Катрин действительно быстро поправилась, что отчасти объяснялось ее молодостью и отменным здоровьем. Но лечить душу она не хотела. По мере того как к ней возвращались силы, ей становилось все труднее жить среди людей. Особенно тягостным было для нее присутствие мужчин. Она не могла заставить себя принять Жака де Руссе потому, что он мог видеть ее распростертой, отданной на растерзание подвыпившим солдатам, словно несчастное животное в руки мяснику. Она отправила ему дружеское, полное признательности письмо, но не позволила переступать порог ее комнаты.
Лишь Готье и Беранже, освобожденные вместе с ней, да дядя Матье были ей не в тягость.
В день Святой Элуа Симона, вернувшись с мессы, объявила о своем скором отъезде во Фландрию. Она пригласила Катрин поехать вместе и провести Рождество при бургундском дворе.
— Вам будет очень грустно, моя дорогая, оставаться здесь одной, — сказала она. — Смена обстановки будет вам полезна, мы не будем ехать слишком быстро. У вас там много друзей. Нас будет сопровождать личная охрана.

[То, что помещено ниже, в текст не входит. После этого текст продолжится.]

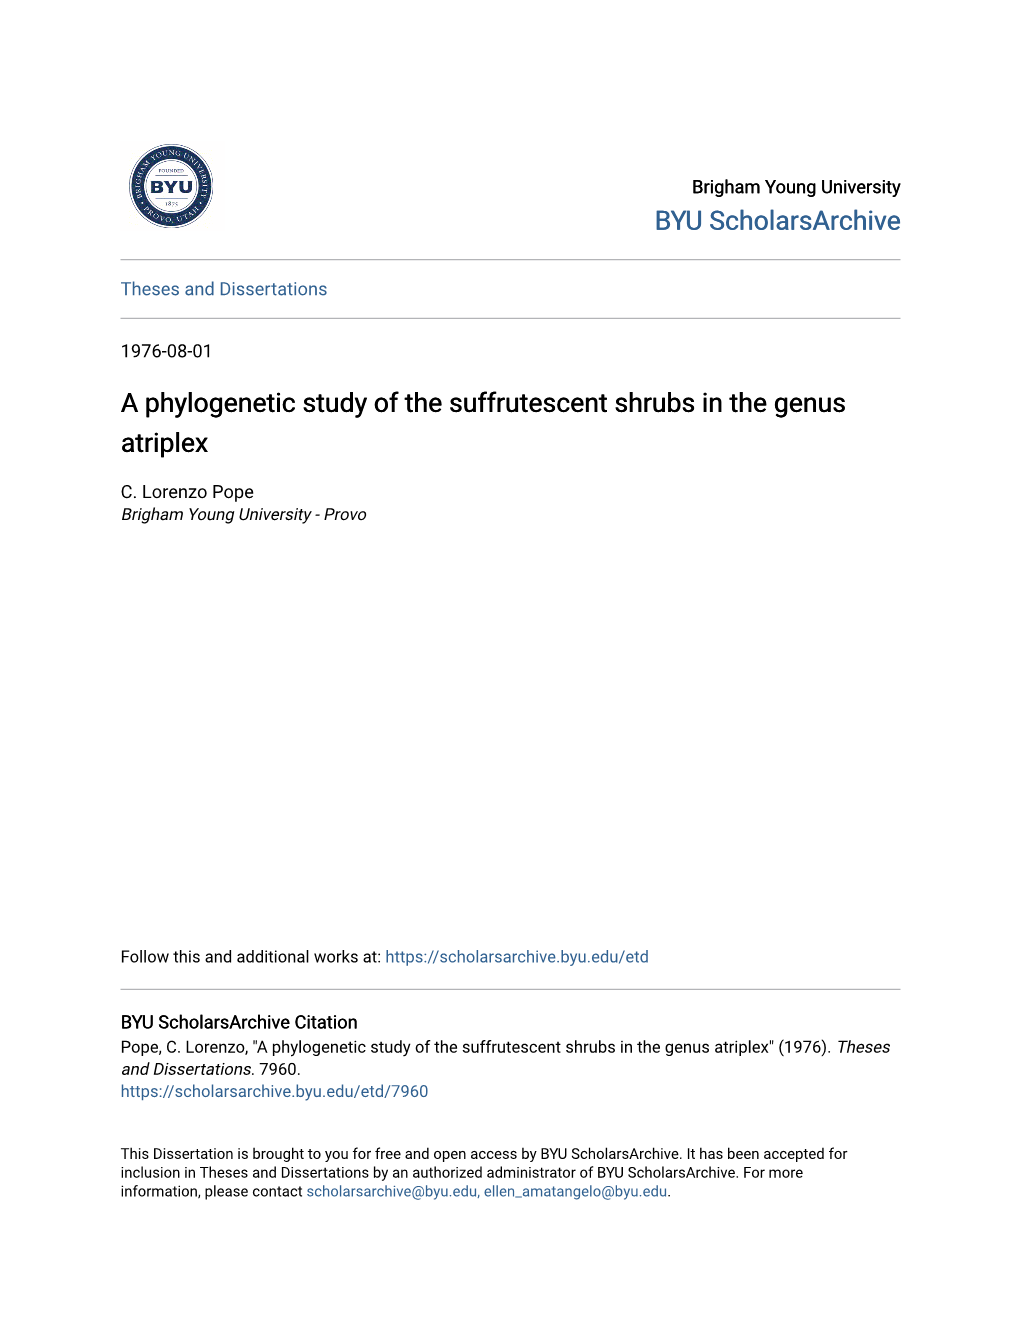 A Phylogenetic Study of the Suffrutescent Shrubs in the Genus Atriplex

Графиня держала про запас хорошую новость: Филипп приказал освободить короля из Новой башни и доставить со всеми полагающимися его рангу почестями в Лилль, где герцог будет ожидать его для обсуждения условий освобождения. Жак де Руссе поведет эскорт, к которому пригласили присоединиться и кормилицу маленького графа Карла, учитывая ненастное время и опасности пути. Катрин отказалась. По ее словам, она лучше останется в Дижоне с дядей Матье и Бертиль, отношения которых определились. В ближайшее время ожидалось их бракосочетание в Нотр-Дам. Симона обняла свою подругу, взяв с нее обещание приехать к ним в Лилль или в Брюгге «как только ей станет лучше».
Через два дня Катрин спокойно провожала длинный кортеж, увозивший короля и Симону. Долгая дорога рядом с Жаком де Руссе и Рене д'Анжу, которые оба желали ее, была бы для нее слишком суровым испытанием…
Как только кортеж исчез из виду, Катрин приказала Готье готовиться к отъезду.
Матье и Бертиль принялись возмущаться в один голос.
— Как ты можешь так поступать?! воскликнул дядюшка чуть не плача. — Ты ведь сказала, что останешся с нами до весны?
— Я солгала, — мягко ответила она. — Я прошу вас простить меня за это.